Is there a lezer API to parse to a string?

NullVoxPopuli · June 28, 2023, 12:23am

I was looking at

And i think that this format is really good for parser testing:


Script(
  BlockComment,
  VariableDeclaration(let, Identifier, BlockComment, "=", Number))

but, when using expect | Vitest
I’d like to be able to parse to the above format, so that the automatic snapshot updating has this compact syntax within it (rather than use testTree).

Today,
if I do:

test("handels a function call", () => {
  expect(parser.parse(`(hello)`)).toMatchInlineSnapshot()
});

after the test suite runs, I get a structure like this:

which makes sense, because the tree object isn’t meant for human’s it’s meant for the editor / codemirror stuff.

but for testing, I’d like to have some sort of “blessed” toString conversion of that that looks more like the expected syntax in the docs.

Something like this:

expect(parser.parse('(hello)').humanReadable()).toEqual(`
Script(
  BlockComment,
  VariableDeclaration(let, Identifier, BlockComment, "=", Number))
`)

I see that pars of this behavior is provided by the TestSpec here: generator/src/test.ts at main · lezer-parser/generator · GitHub
(though this is the inverse – converting the human-friendly syntax to something compareable to a tree)
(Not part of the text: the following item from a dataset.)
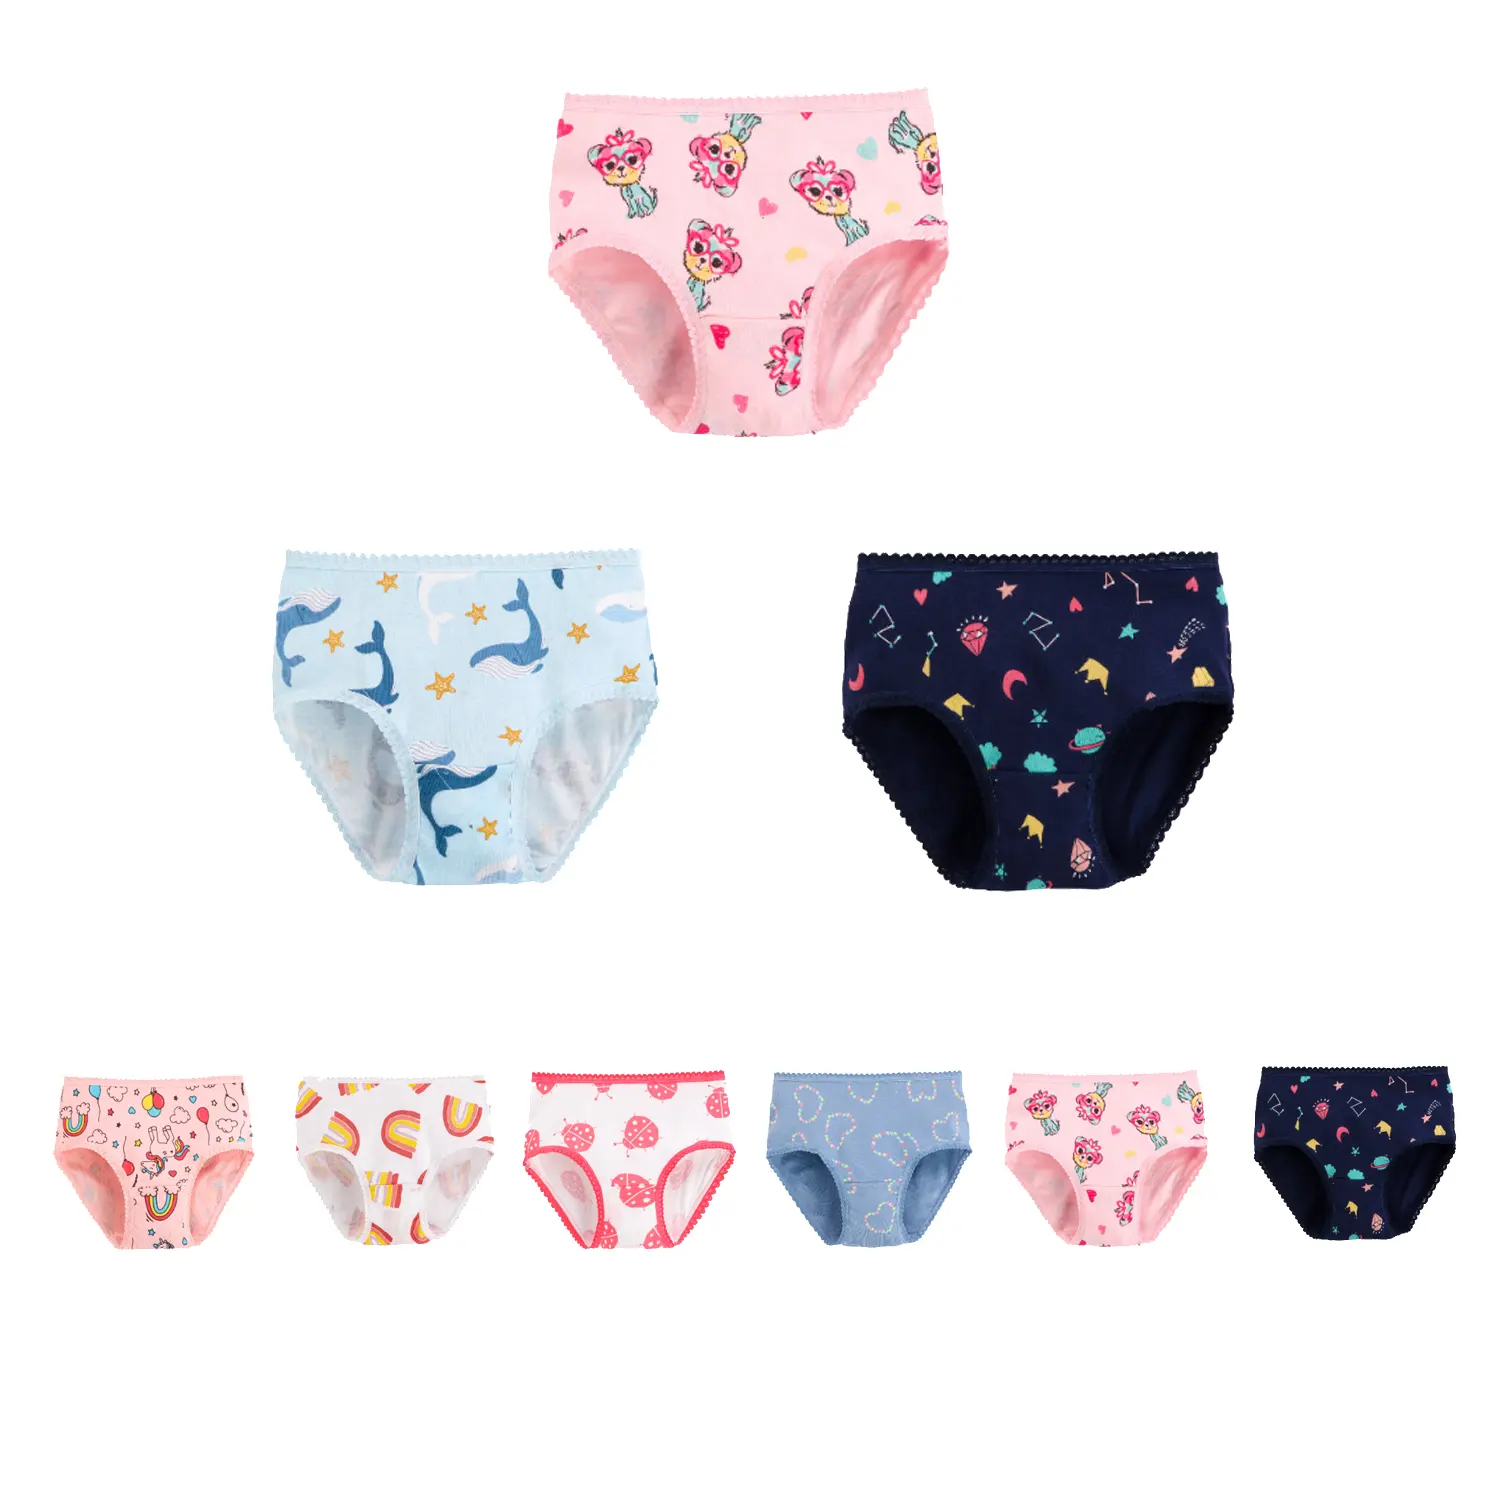 Wholesale/ODM/OEM Girl Cartoon Lace Children's Underwear Cotton Shorts

I’m still poking through the lezer repos / code – so apologies if this already exists.

NullVoxPopuli · June 28, 2023, 12:54am

lol, it’s just tree.toString()

Good job, me

I have this helper:

import { parser } from "@glimdown/lezer-glimmer-expression";

export function parse(input: string) {
  let tree = parser.parse(input);

  return tree.toString();
}

and usage:

import { describe, test, expect } from "vitest";

import { parse } from "./util";

test("handels a function call", () => {
  expect(parse(`(hello)`)).toMatchInlineSnapshot(
    '"Expression(SExpression(CallExpression(\\"(\\",SExpression,\\")\\")))"'
  );
});

where the argument to match inline snapshot is:

filled if missing (by vitest)
diffed / asserted if present

Diff could be better:

- Expected
+ Received

- "Expression(SExpression(CallExpression(\"(\",SExpression,\")\")))"
+ "Expression(SExpression(CallExpression(\"(\",SExperession,\")\")))"

But maybe there is way to also parse the toString() and add newlines / indentation (this part I can do just fine)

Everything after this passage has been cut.